341 S.W.2d 57 | Ark. | 1960
This appeal must be dismissed because the case is now moot.
On July 25, 1960 the employees of Baldor Electric Company (represented by Local Union No. 700 IBEW) went on strike; and the Baldor plant was picketed. When Baldor rented office space in the First National Bank Building in Fort Smith and undertook an employment campaign, the bank building was picketed. On August 11, 1960 the First National Bank of Fort Smith applied to the Sebastian Chancery Court and obtained an injunction against the picketing of the bank building. On the same day Baldor Electric Company applied to the Sebastian Chancery Court and obtained an injunction which, under certain circumstances, enjoined picketing at the Baldor plant. The defendants in the two chancery cases were the officers and representatives of the Local Union whose members were on strike; and they are the appellants in this Court. From the order of the Sebastian Chancery Court granting a temporary injunction in each of the cases, there were immediate appeals to this Court; and on August 12, 1960, while the Court was in recess, one of the Justices made an order which stayed in whole or in part the Chancery Court injunctions until the cases could be heard by the entire Court.
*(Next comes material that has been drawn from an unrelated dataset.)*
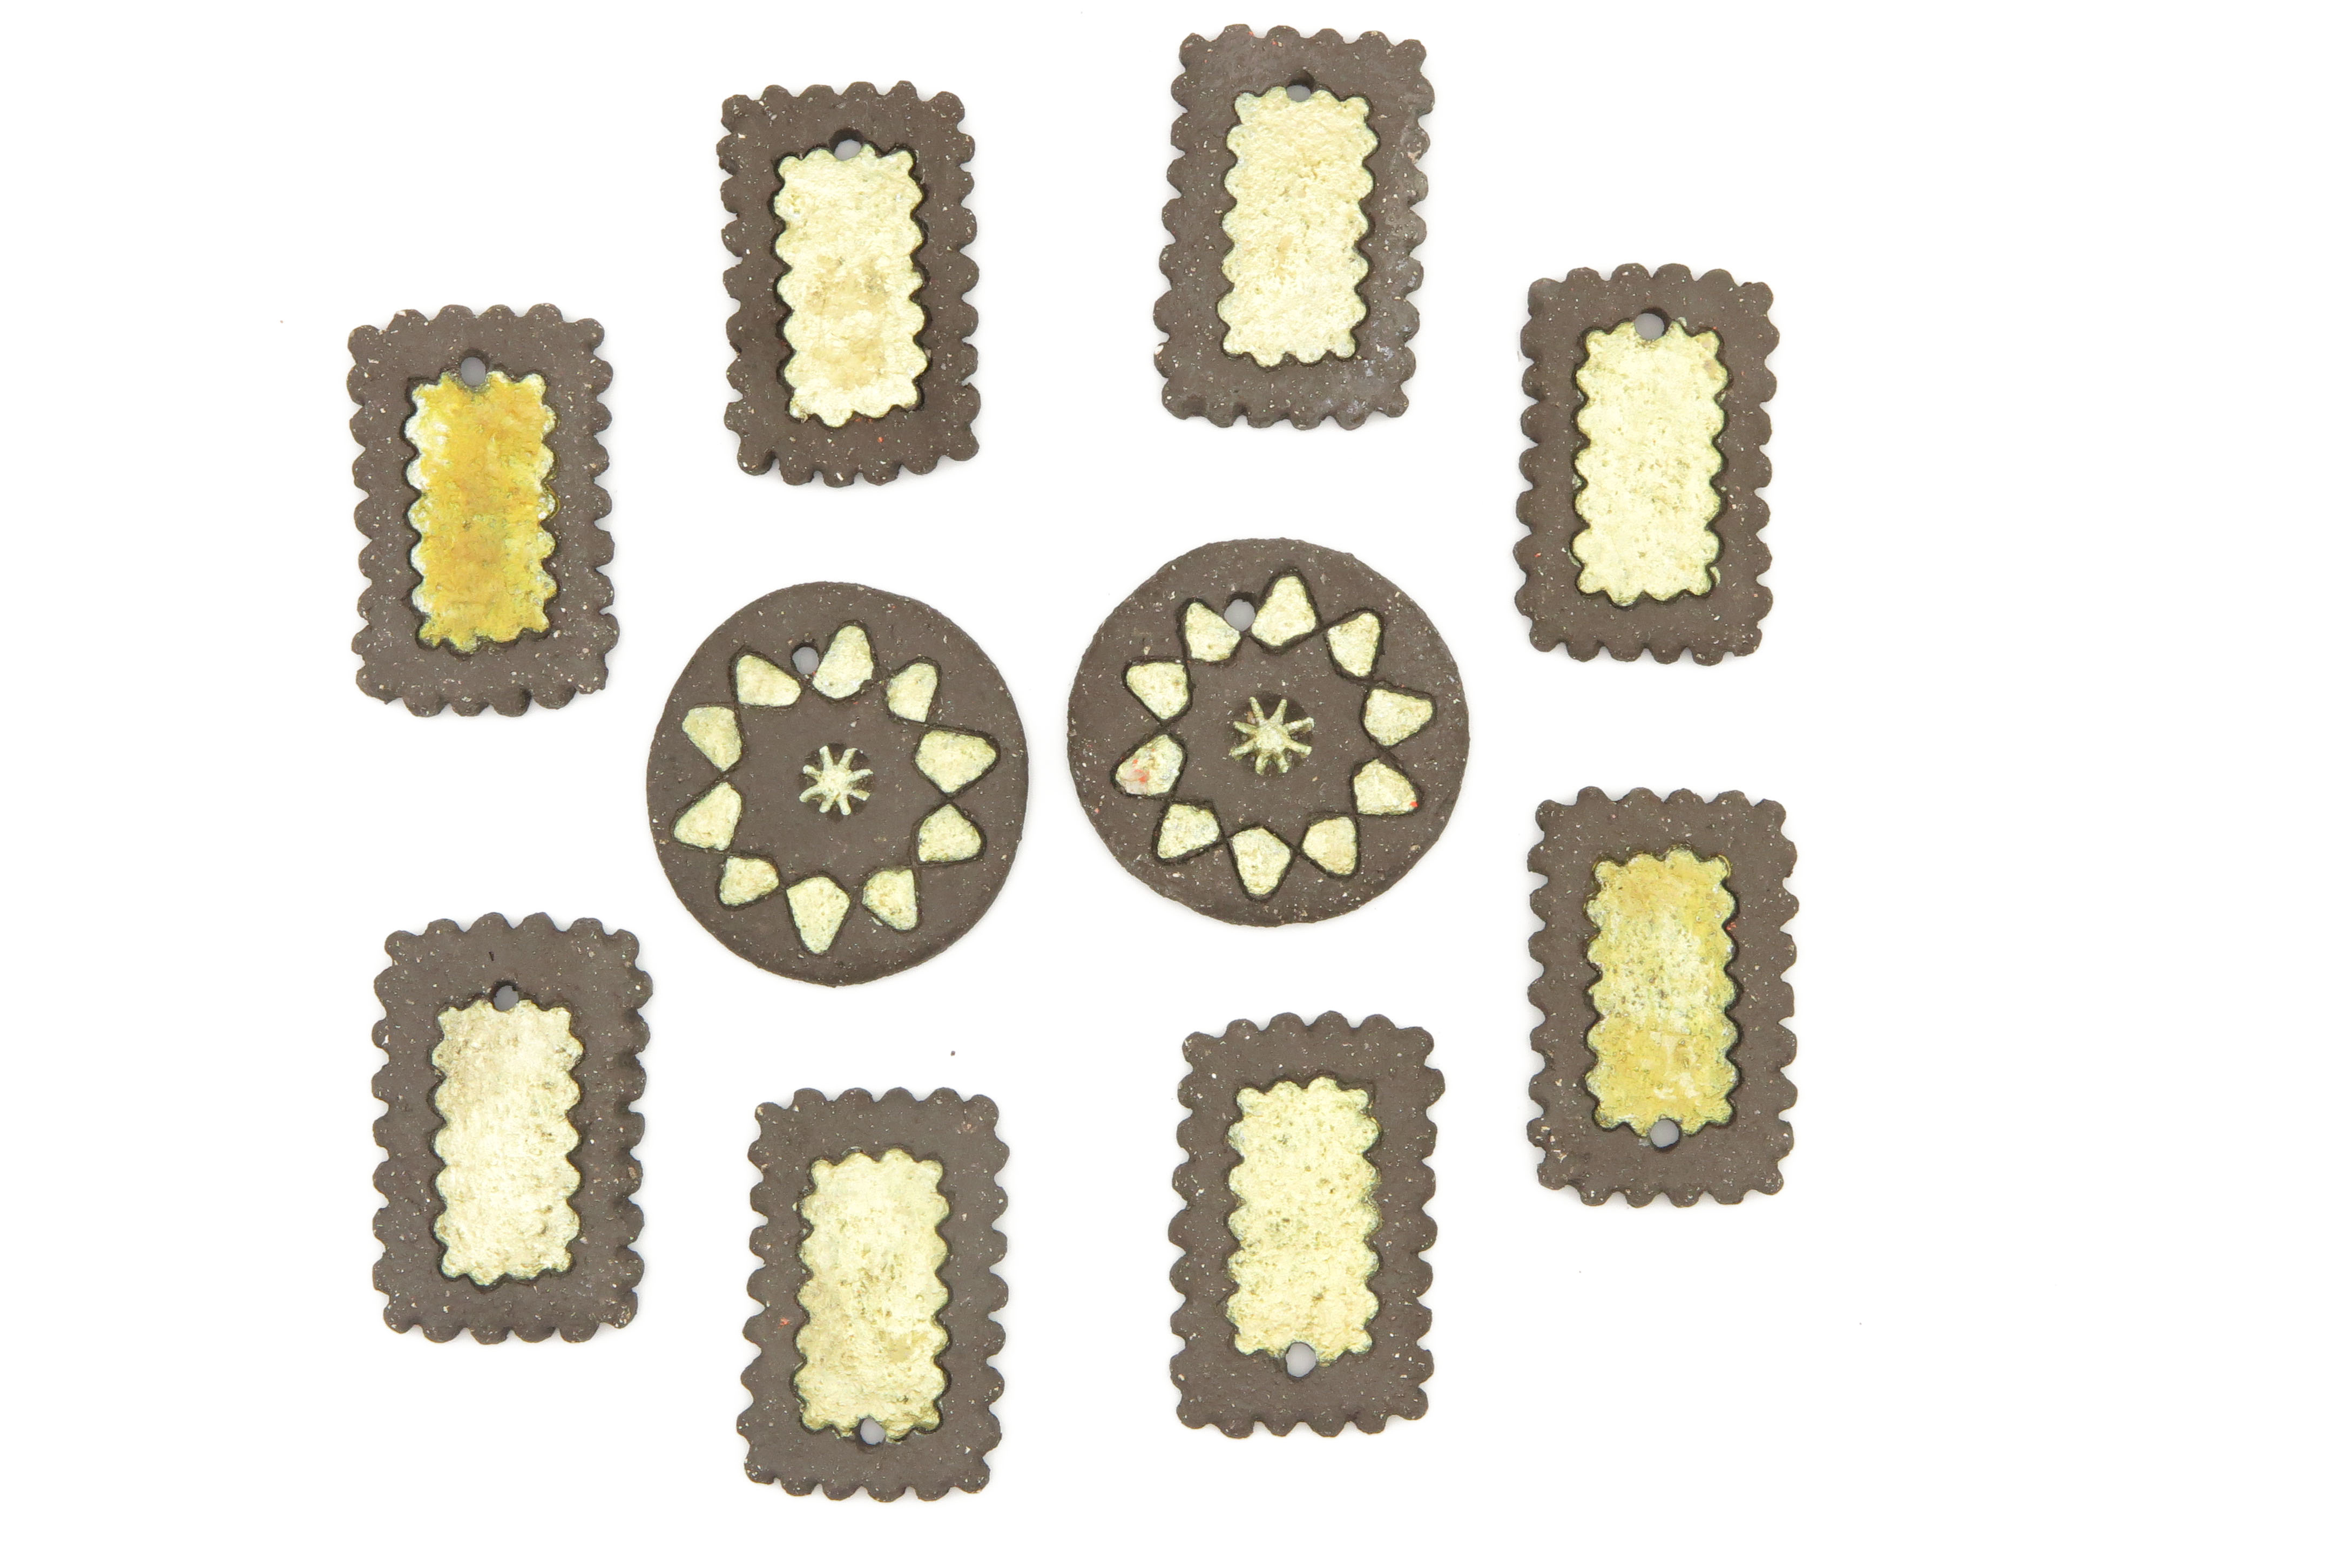 10 Medaillon Lebkuchen Anhänger mit Golddekor 5cm

On September 12, 1960, this Court, being reconvened, entered an order continuing the temporary stay until the causes were reached on the merits; and that time has now arrived.
But since the appeal to this Court on August 12, 1960 events have transpired which render this appeal moot. On September 5, 1960, by stipulation of all parties, the appeal of the First National Bank was dismissed ; and now, upon submission of the Baldor Electric ease, it is conceded that the strike has been settled. The appellant’s brief contains the following paragraph:
“While this case was pending on appeal the labor dispute existing between Baldor Electric Company and the members of Local Union No. 700 terminated and the pickets have been voluntarily withdrawn from the employer’s premises.”
The quoted statement is not denied; so our holding in Local Union No. 656 v. Mo. Pac. R. R. Co., 221 Ark. 509, 254 S. W. 2d 62, is ruling here. In that case there was an injunction against picketing in a labor dispute and while the appeal was pending in this Court the strike was settled. In dismissing the appeal as moot, we said:
“It is alleged, and the appellants concede, that the strike against Dixie Cup has now been settled. Thus there is no longer any occasion for picketing or any controversy between the parties to this appeal. In these circumstances neither an affirmance nor a reversal of the decree would have any practical effect except as it might affect the matter of court costs, which is not alone a sufficient issue to call for a decision in an otherwise moot case. Quellmalz Lbr. & Mfg. Co. v. Day, 132 Ark. 469, 201 S. W. 125. We think the case at bar falls within the rule announced in Kays v. Boyd, 145 Ark. 303, 224 S. W. 617: ‘It is the duty of this court to decide actual controversies by a judgment which can be carried into effect and not to give opinions upon abstract propositions or to declare principles of law which cannot affect the matter in issue in the case at bar.’ ”
It, therefore, follows that this case has become moot and the orders heretofore made are set aside, and the appeal is dismissed at the cost of the appellants.